TPE was performed by experienced neurointensivists via a central venous access catheter. The clinical response to TPE was rated with a scoring system introduced by Magaña et al. [6,17,18], which proposes three different response categories; these were no, mild, and good improvement. Patients in the first group showed no recovery at all or even deterioration of symptoms. Mild recovery was defined as “improvement in neurological status without impacting function”. Individuals with functionally relevant neurological recovery were considered to have a good improvement. We studied the outcome within six months from TPE. If patients were not seen regularly on follow-up at our center, we contacted individual patients or their caregivers to collect information on their recovery.

2.3. Statistical Analysis

All statistical analyses were conducted using IBM SPSS Version 21.0 (SPSS, Chicago, IL, USA). Descriptive statistics for clinical, demographic, and outcome data are provided. We report the median (interquartile range, IQR) for continuous variables and frequency (percent) for categorical variables. Intergroup comparisons were performed using Fisher’s exact and Mann–Whitney U tests and one-way ANOVA where appropriate. All reported p-values were two-tailed and considered statistically significant at p < 0.05.

3. Results

3.1. Clinical and Demographic Characteristics

We identified a total of 40 patients with immune-mediated CNS disorders who underwent PLEX between 2003 and 2015. As shown in Figure 1, the most frequent condition was MS in 52.5% (n = 21), followed by AE in 30% (n = 12). The remaining disorders (summarized as “others” in the following) were CNS lupus (n = 3), optic neuritis (not otherwise specified, n = 2), ADEM (n = 1), and NMOSD (n = 1).
There was a general trend towards the increased utilization of TPE over time (Figure 2). Half (n = 20) of all patients received the treatment within the past four years, whereas in the period of 2003–2008, only eight patients were treated with TPE.
The majority of patients were women (n = 26, 65%). In detail, women were more frequent in the MS group (n = 15, 71%), and the group of “other” immune-mediated CNS disorders comprised entirely women (100%). Of note, there were more male patients in the AE group (n = 27, 67%).
The mean age of patients with MS was 35.5 (standard deviation (SD) of 9.4). TPE was used in this group as second-line therapy except in one patient where steroids were contraindicated, as shown in Table 1. The most frequent indication was optic neuritis (n = 9), followed by pyramidal tract symptoms (n = 6). The mean number of TPE courses was 5.1 (range of 2–9). There were single patients with eight and nine TPE cycles, respectively.
The mean age of patients with AE was 45.1 years (SD of 18.8), which was significantly higher than in MS (p = 0.03). The spectrum of clinical symptoms in patients with AE was broad, and the most frequent disturbances were psychiatric symptoms and epileptic seizures (Table 2). The average number of TPE cycles in patients with AE was 6.3 (SD of 2.7). Two patients had more than 10 cycles of TPE. In almost all patients, a prior treatment with intravenous immunoglobulins was performed. Some also received steroids prior to TPE. In the AE cohort (n = 12), eight (66%) patients had definite AE with positive antibodies (IgG for NMDA-R: n = 4, LGI1: n = 2, Ma 2: n = 1, and AMPA: n = 1). Six patients had inflammatory CSF and eight had pathologies on MRI. All except the patients with exclusively brainstem involvement developed neurocognitive signs, and seizures were common (60%). The four patients with anti-NMDAR-antibodies were women, two of whom had a histologically confirmed teratoma. All of the AE patients had additional treatments (surgery n = 4, steroids n = 5, IVIG n = 11, rituximab n = 2).
The mean age of patients with other autoimmune CNS disorders was 50.7 years (SD 18.1). The mean number of TPE cycles was 5.7 (SD 2.1). Further details are presented in Table 3.
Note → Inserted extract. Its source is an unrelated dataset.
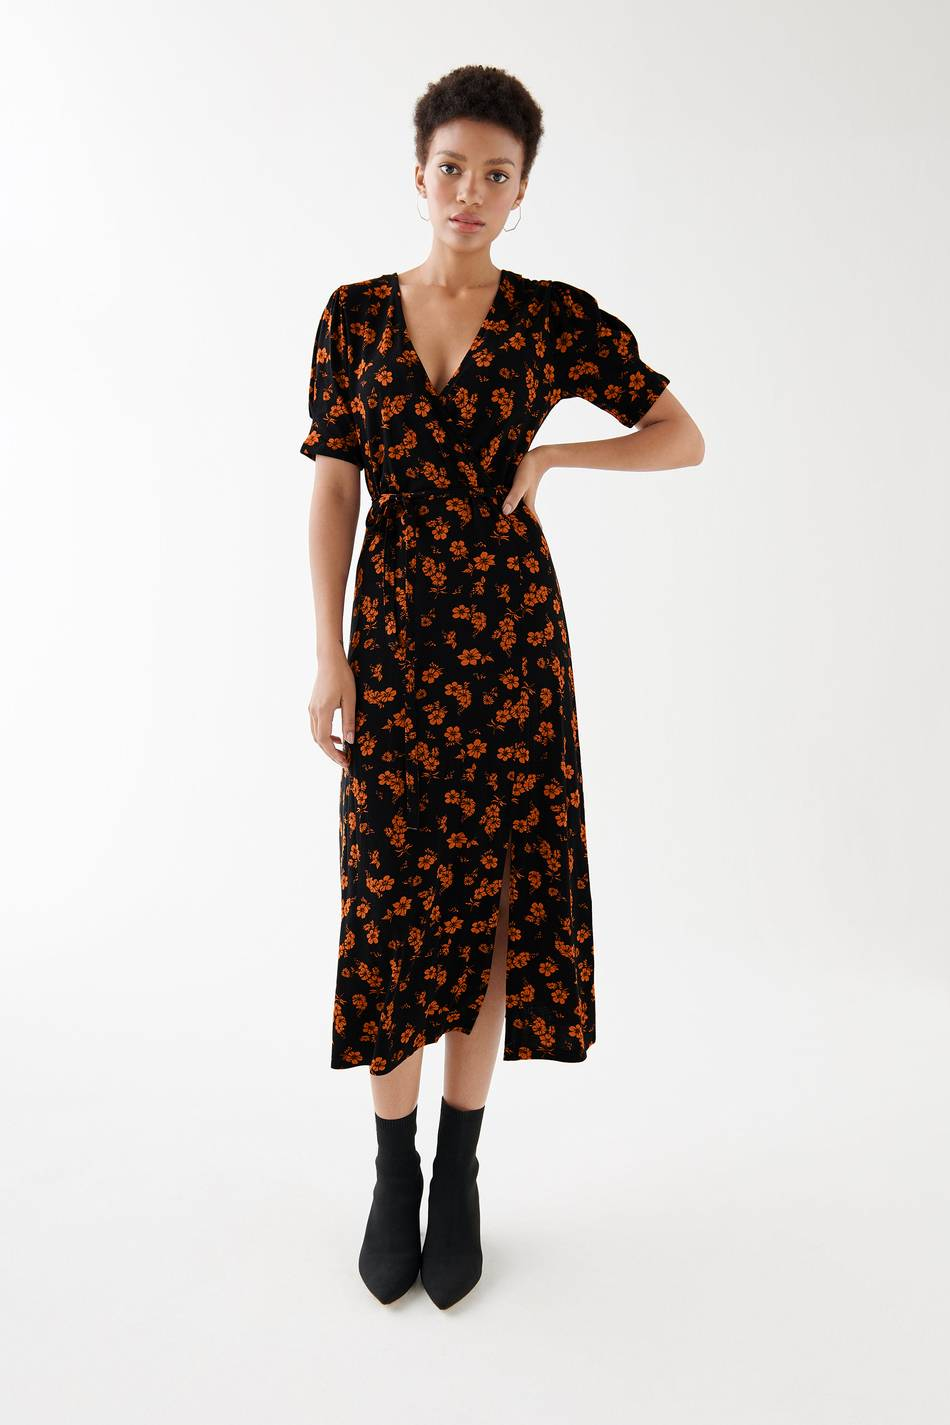 Gina Tricot Ida wrap dress

3.2. Time from Symptom Onset to Start of TPE

The time from relapse onset to the initiation of TPE was distinct among the three groups (p = 0.03). In detail, we calculated the median of 15 days (interquartile range (IQR) 10–27 days) for patients with MS, 77 days (24–203) for patients with AE, and 11 days (9–55) for patients with other immune-mediated disorders of the CNS.

3.3. Outcome

The overall rate of TPE responders was 75%. Further details are shown in Figure 3. A good or mild response was observed in 52.5% and 22.5% of the patients, respectively. The best outcome was observed within the “other CNS-ID” group, where 71% (n = 5) had a good recovery after PLEX, while only two patients showed no response (Table 3). The analysis of the MS and AE cohorts disclosed a functional improvement after plasma exchange treatment in 52% and 42%, respectively.
We also evaluated whether the period of symptom onset to the start of the TPE was distinct in patients with good response vs. mild/no response. In a pooled analysis of all three groups we did not find statistical differences (median of 16 days for the cohort with good response vs. 22 days for the cohort with mild or poor response).

3.4. Complications

In total, 219 TPEs were performed. Serious complications were found (1.8%): thrombosis of the subclavian vein, episode of bradycardia with transient loss of consciousness (one each), and two patients had impaired coagulation. No cases of death were reported.

4. Discussion

This study demonstrates that the majority of patients suffering from immune-mediated CNS disorders benefit from TPE, and the rate of non-responders is similar throughout the conditions. Moreover, the number of patients with AE treated with TPE is increasing over time, which reflects increased recognition of TPE as an effective treatment option. Of note, 50% of our patients with AE received TPE for intractable seizures and status epilepticus. Recent studies indicate that immune-mediated epilepsy such as in AE responds better to immunotherapies than to conventional epilepsy therapies [19]. Complications of TPE in our patient series was in the range of previously published studies in the real-life setting [3,20,21].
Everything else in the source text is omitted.